It's up to you to 'connect the dots' between documentation and coding.
Problem: Claims targeted for high therapy often have problems such as failing to show a prior level of function, missing or insufficient documentation, and errors in orders, said Latesha Walker with the Centers for Medicare & Medicaid Services, at the National Association for Home Care & Hospice's annual March on Washington conference.
Look To the Disablement Therapy Model
Understanding the Disablement Therapy Model can help you to narrow in on OASIS and documentation issues that can trip up your claims, says Trish Twombly, BSN, RN, HCS-D, CHCE, COS-C, director of coding with Foundation Management Services in Denton, Texas.
Coders can use the four levels of the Disablement Therapy Model, the popular reahbilitation tool shown below, to help make sure the diagnosis codes they list are supported in the therapist's documentation
1. The pathology is the disease, disorder, or condition that the patient has. This is what the coder is reporting.
2. The impairment is the consequence of the disease, disorder, or condition. The symptom the patient is experiencing that is caused by the pathology.
3. The functional limitation is the inability to perform a task or action because of the impairment that the pathology has caused.

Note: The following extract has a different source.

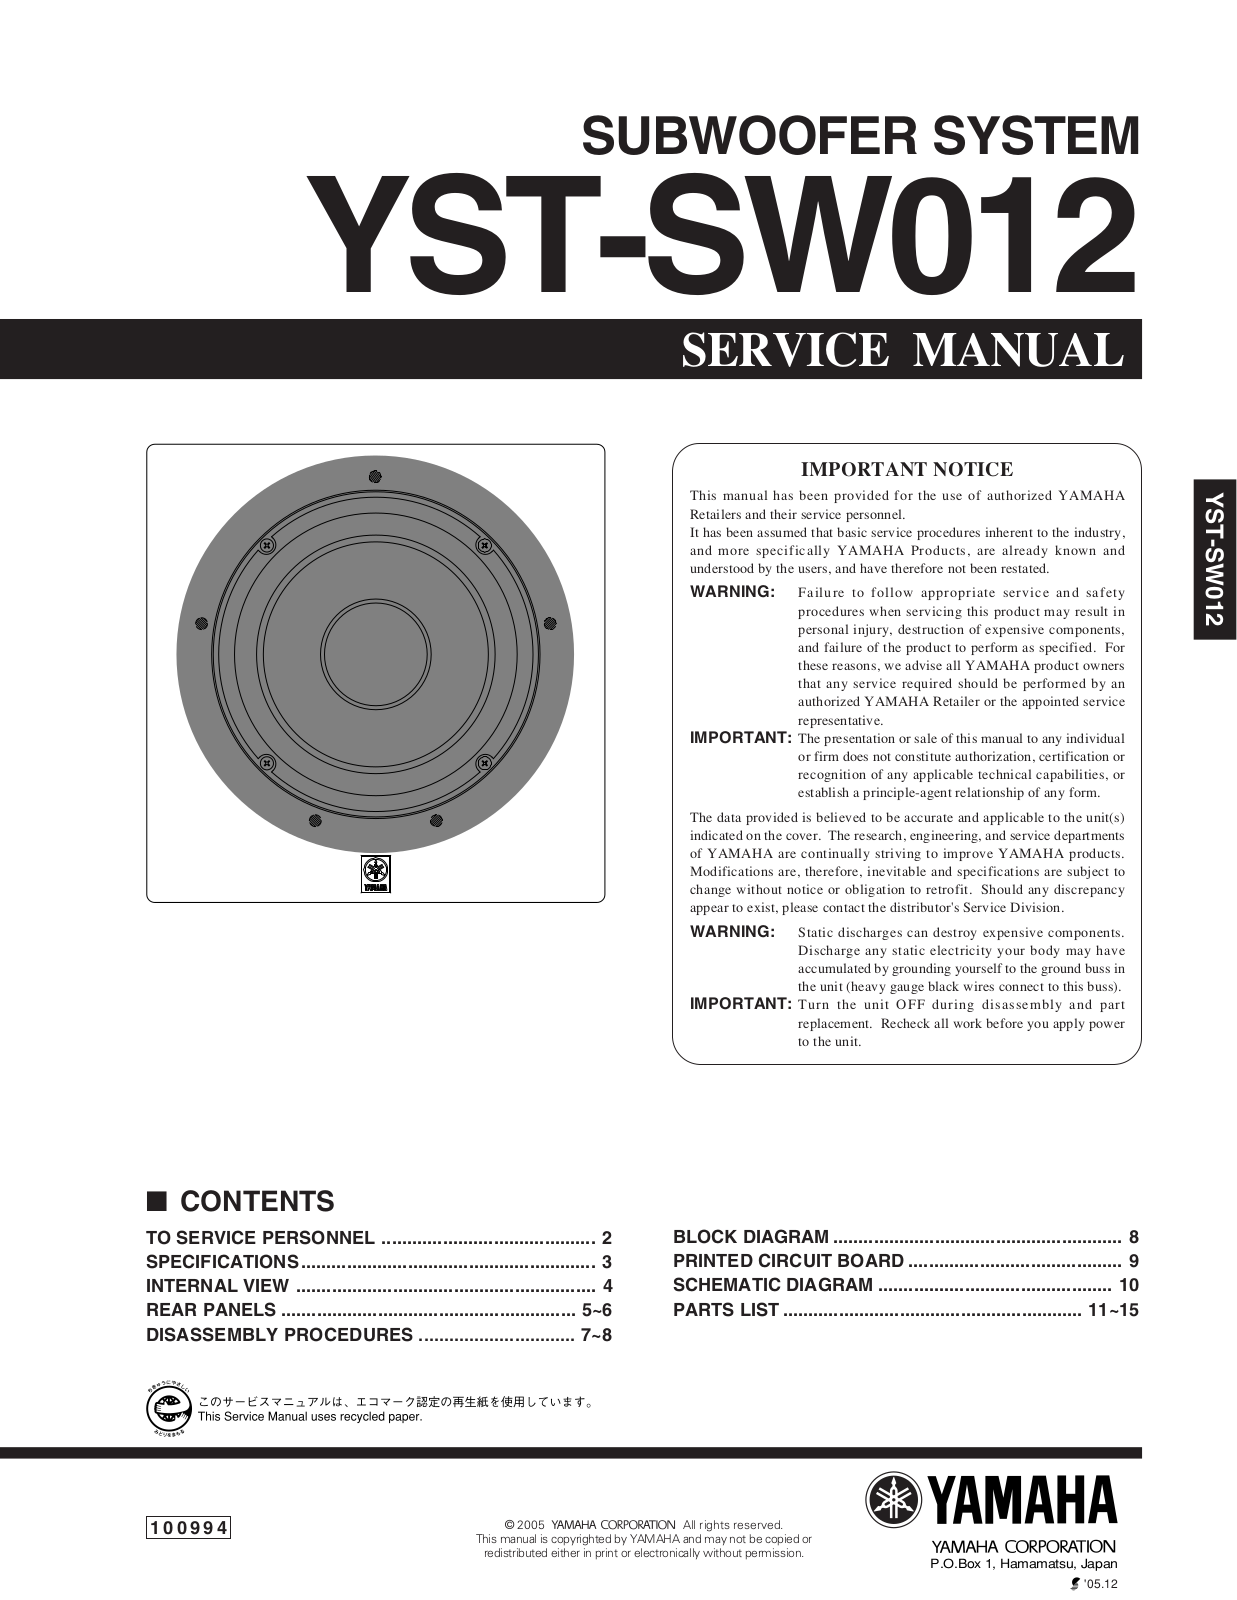 Yamaha YSTSW-012 Service manual

The therapist's documentation of this must be relevant.
4. Disability is a behavior that occurs over time because of persistent functional limitations. This fourth level of the disablement continuum is rarely dealt with in home health because there is no achievable goal.
Coding example: Your patient was admitted to home health with a new diagnosis of congestive heart failure (CHF). She has shortness of breath, weakness, and edema related to the heart failure. She is unable to climb the three steps to her bedroom and is unable to dress herself. Nursing, physical therapy, and occupational therapy will all see the patient, but therapy will be the primary discipline in the home.

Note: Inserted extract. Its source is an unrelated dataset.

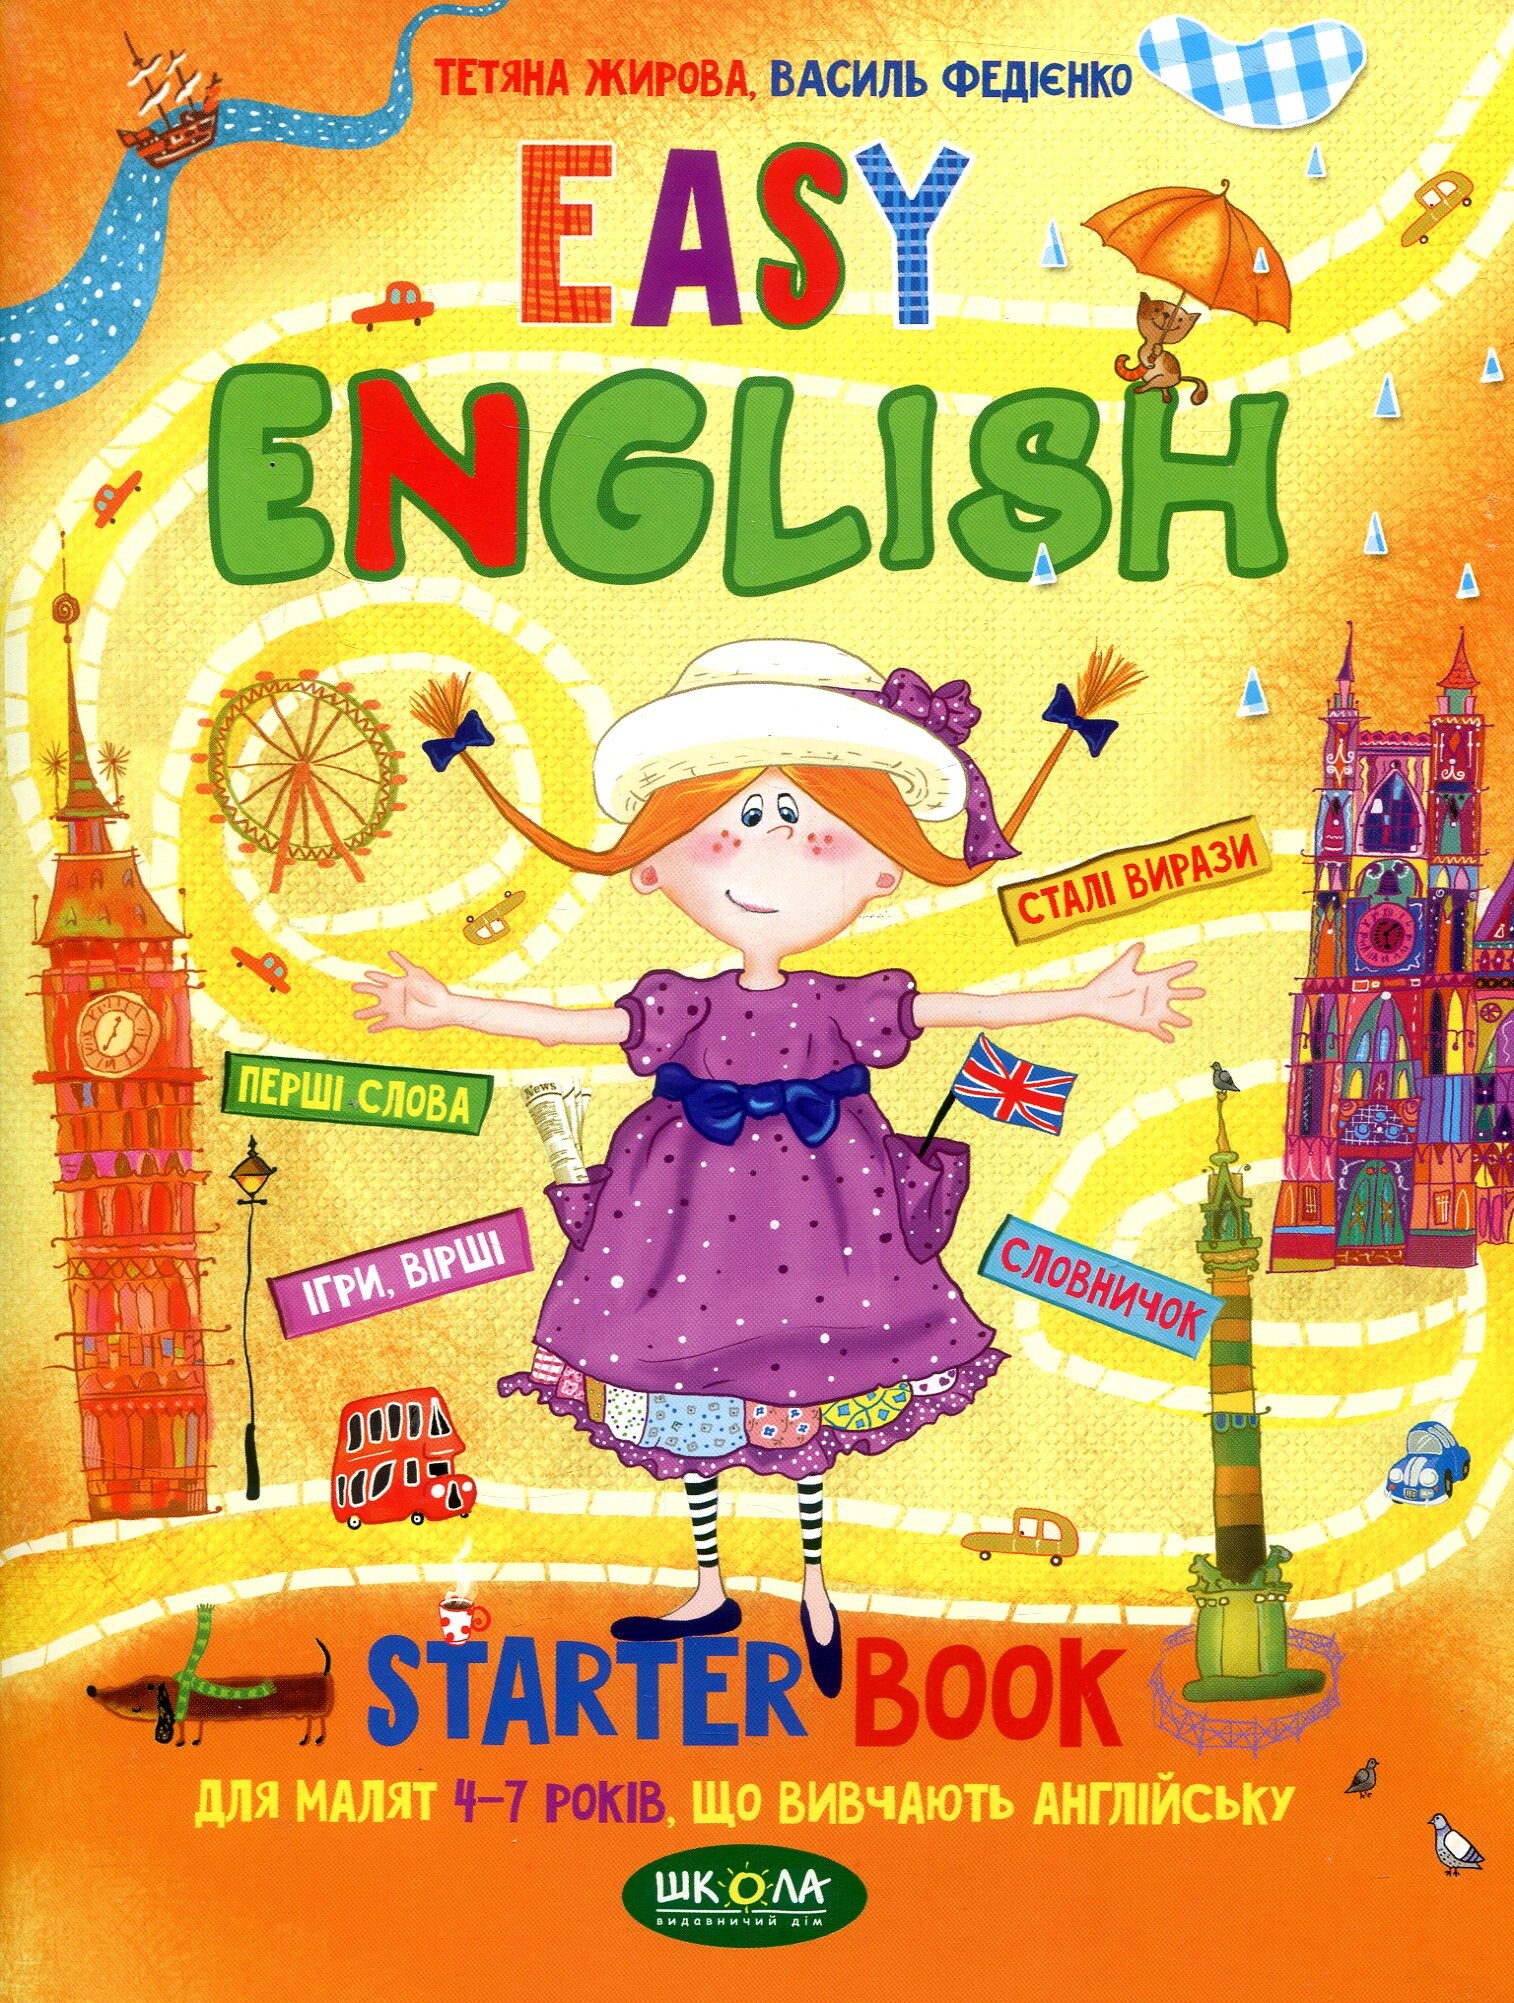 Easy English: starter book. Посібник для малят 4-7 років - Vivat

In this example, the CHF is the pathology, Twombly says. The patient's shortness of breath, weakness, and edema are impairments, or symptoms of the pathology. And the patient's inability to climb steps and dress herself are functional limitations.
As the coder, you need only list one diagnosis code for this patient: 428.0 (Congestive heart failure, unspecified), Twombly says. The symptoms listed are all integral to this condition, so you don't need to list them, but you should also check to make certain that the documentation supports the diagnosis.

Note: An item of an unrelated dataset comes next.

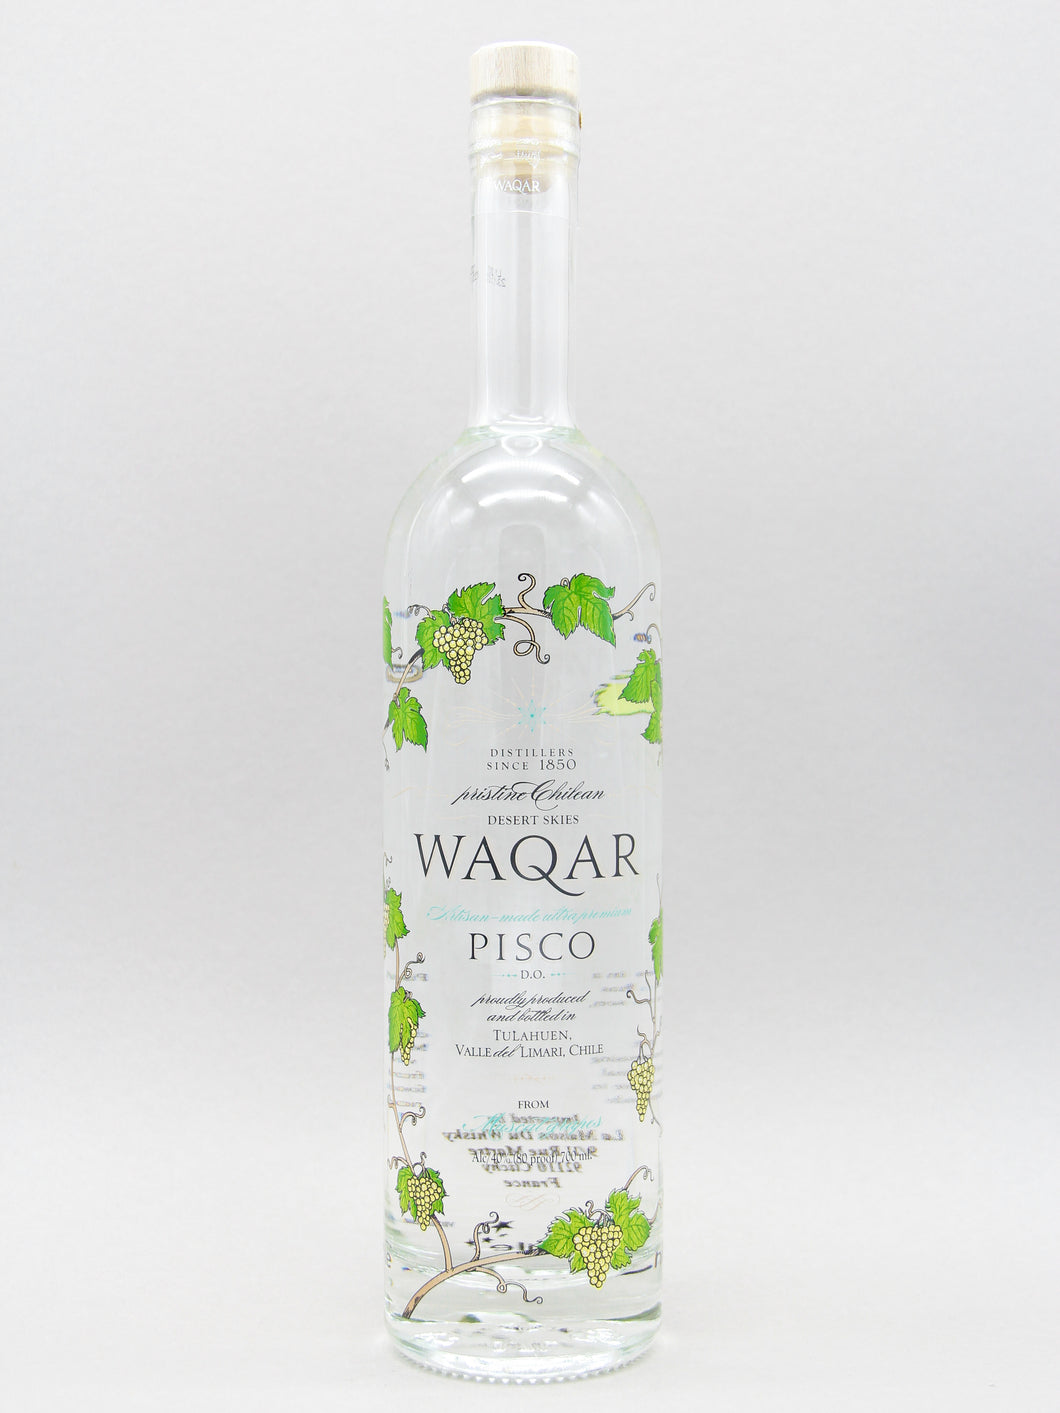 Pisco Waqar Muscat Grape, Chile (40%, 70cl)

How? Look to the OASIS functional questions to make certain the responses support the diagnosis code(s) you have listed. These include:
M1810 -- Dressing upper body
M1820 -- Dressing lower body
M1830 -- Bathing
M1840 -- Toileting
M1850 -- Transferring
M1860 -- Ambulation
If the responses to these items don't match the therapist's notes or support the pathology you are coding, confer with the nurse and therapist, Twombly says. This can be especially important when your agency has a nurse complete the OASIS assessment for all patients. Ask whether there is another pathology that is more appropriate to code.
Verifying that the OASIS assessment documentation supports the diagnosis codes you list for your therapy patients will help keep your claims secure. "It's the coder's job to connect the dots," Twombly says.
Another example: Your patient was admitted for aftercare related to his total hip replacement due to degenerative joint disease (DJD) of the hip. Nursing is going out for observation and assessment. Physical therapy will provide joint rehab including gait abnormality. Occupational therapy will address the patient's difficulty in dressing of the lower body, bathing, and transfers. Therapy is the primary discipline in the home.
In this example, the patient's DJD and hip joint replacement are both pathologies, Twombly says. His abnormal gait is the impairment. And the difficulty dressing the lower body, bathing problems, and transferring issues are all functional limitations caused by the impairment.
To code for this patient, Twombly suggests listing the following codes:
M1020a: V54.81 (Aftercare following joint replacement) M1024: 715.95 (Osteoarthrosis, unspecified whether generalized or localized; involving pelvic region and thigh) and
M1022b: V43.64 (Organ or tissue replaced by other means; joint; hip).
As a coder, you won't list diagnosis codes for the impairments or functional limitations, but you should check to make certain that the therapist's documentation and the OASIS assessment both describe the functional limitations accurately, Twombly says. For this patient, that means checking the answers to M1820, M1830, and M1850 to make certain they match the therapy documentation and accurately support the patient's pathologies.